Шёпот шёл отовсюду сразу. Из-под печи, из-за икон, из-под лавки. Он был негромкий, но настойчивый — как когда кто-то зовёт по имени, но не хочет, чтобы его услышали взрослые.
Сестра, Аленка, спала на другой лавке, свернувшись клубком. Она уже большая — восемь лет. Почти взрослая. Она не боялась ночи. Она говорила, что если закрыть глаза, то ничего нет. Ваня пробовал — не работало.
Шёпот стал громче.
Он будто полз по дому. Сначала осторожно, потом смелее. Ваня сжал кулаки так, что ногти впились в ладони. Молиться он ещё не умел, но знал одно-единственное:
— Господи… — прошептал он, не зная, что дальше.
И тут что-то засмеялось.
Не смех — хриплый, мокрый звук, как если бы кто-то пытался смеяться, захлёбываясь водой. Из-под печи вылезла тень. Она была неправильной: слишком длинные руки, слишком короткие ноги. Спина выгнута, голова дёргается, будто на нитке.
Кикимора. Он знал это. Откуда? Просто знал.
Мама говорила, что их не бывает. Что это бабкины сказки. Что домовой — ладно, а кикимора — выдумка. Но сейчас она была здесь, и от неё пахло гнилью, старым тряпьём и болотом.
— Ма… — выдохнул Ваня.
Поздно.
Кикимора метнулась к лавке Аленки. Та проснулась, вскрикнула — коротко, резко, по-живому. Мама выскочила из-за перегородки с кочергой в руках, босая, с растрёпанной косой.
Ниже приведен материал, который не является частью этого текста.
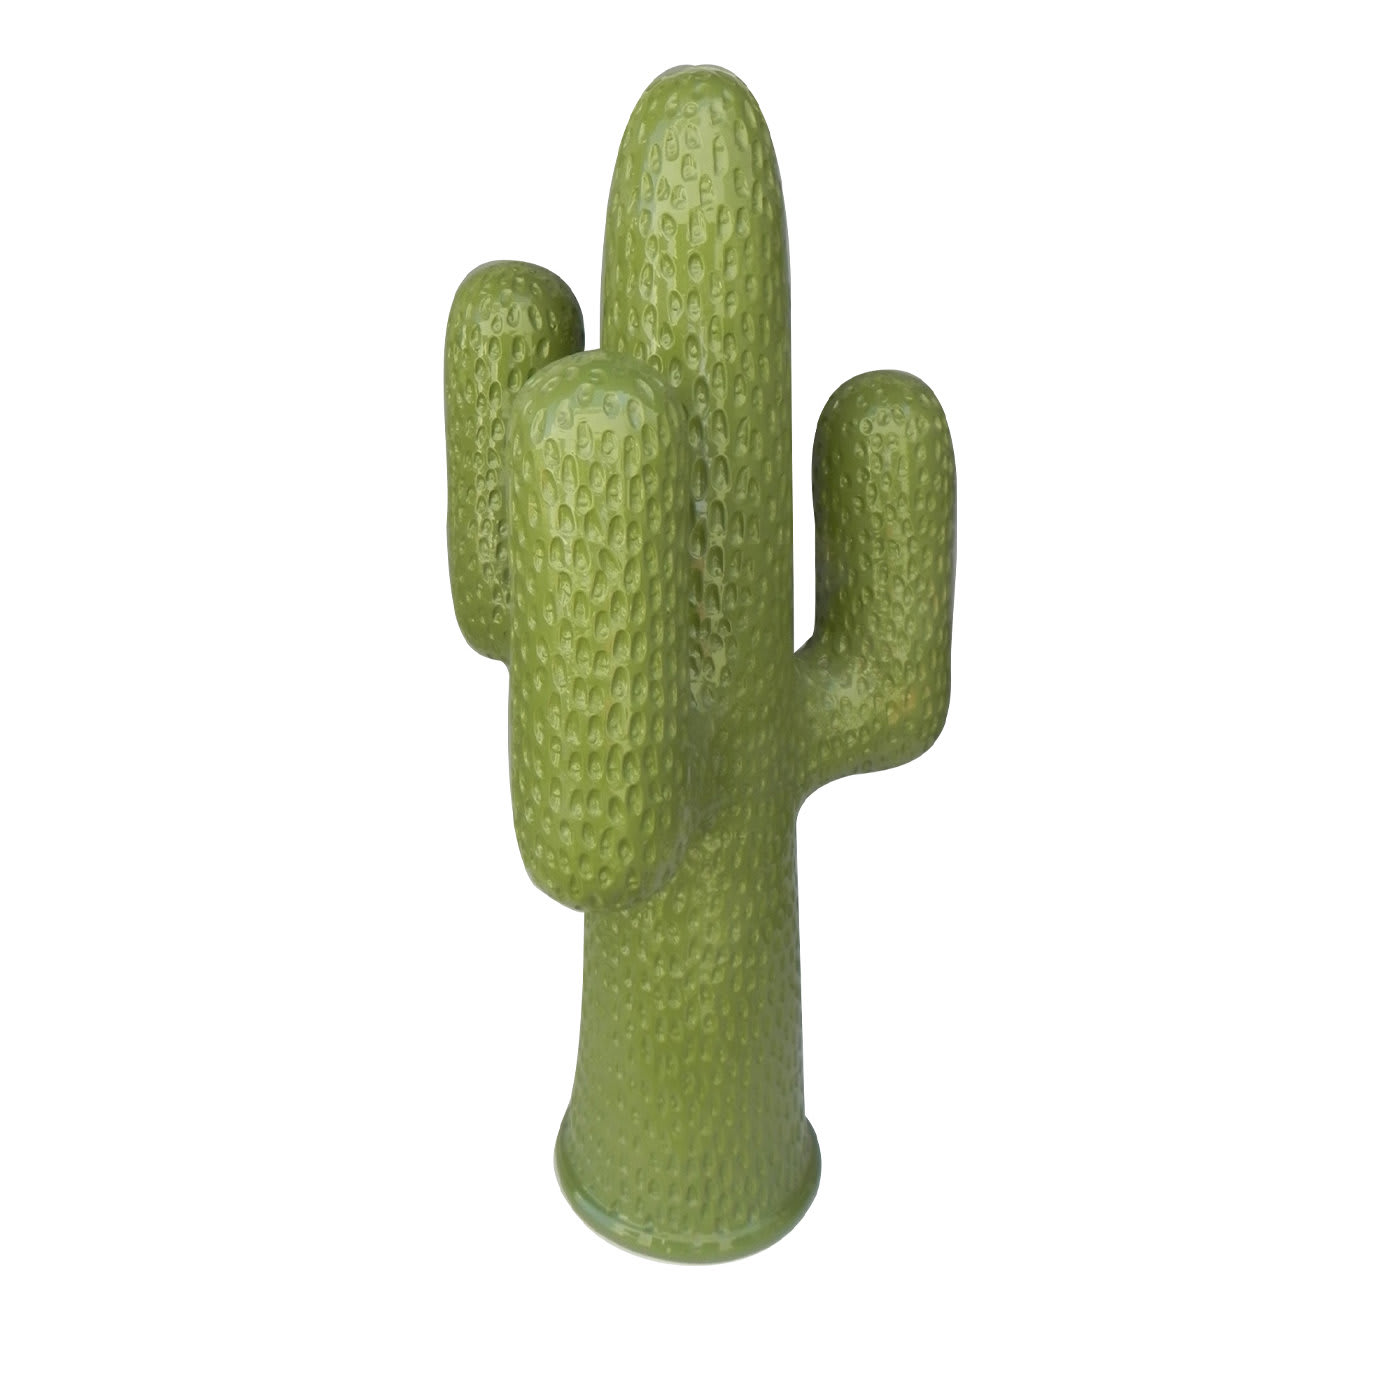 Texas City Ceramic Cactus Sculpture by Tullio Mazzotti - Mazzotti 1903

— Убирайся! — крикнула она, и голос у неё дрогнул. — Во имя…
Она не договорила.
Кикимора развернулась слишком быстро. Кочерга выпала. Что-то хрустнуло — не громко, а так, будто ломают сухую ветку. Мама упала на колени, а потом — лицом вниз. И больше не встала.
Аленка плакала. Не кричала — плакала, как плачут, когда не понимают, что происходит.
Кикимора склонилась над ней. Пальцы у неё были тонкие, длинные, с чёрными ногтями.
— Тихо… — прошипела она, и это было почти ласково. — Дом теперь мой…
Ваня закричал.
Он сам не понял, как выбрался из-под одеяла, как побежал. Он врезался в лавку, упал, снова встал. Он схватил икону со стены — старую, тёмную, с облупившейся краской — и швырнул в тень.
Икона ударилась о пол и треснула.
Кикимора взвизгнула — пронзительно, зло. Дом затрясся. Где-то за стеной залаяли собаки.
— Ты… — она уставилась на него. Глаза у неё были белёсые, как у дохлой рыбы. — Ты меня видишь…
Она исчезла так же внезапно, как появилась. Просто растворилась в тени, оставив после себя холод и тишину.
Ваня стоял посреди дома и дрожал. Пол был холодный. Икона — разбитая. Мама — неподвижная. Аленка — тоже.
Он подошёл к сестре и тронул её за плечо.
— Ален… — голос сорвался.
Она не ответила. Сколько он так просидел, известно лишь одному Богу.
За окном запел петух. Где-то вдали скрипнула телега. Мир продолжал жить, будто ничего не случилось.
Ваня сел на пол между мамой и сестрой и заплакал. Не громко. Как умеют плакать только дети, которые уже поняли, что никто не придёт.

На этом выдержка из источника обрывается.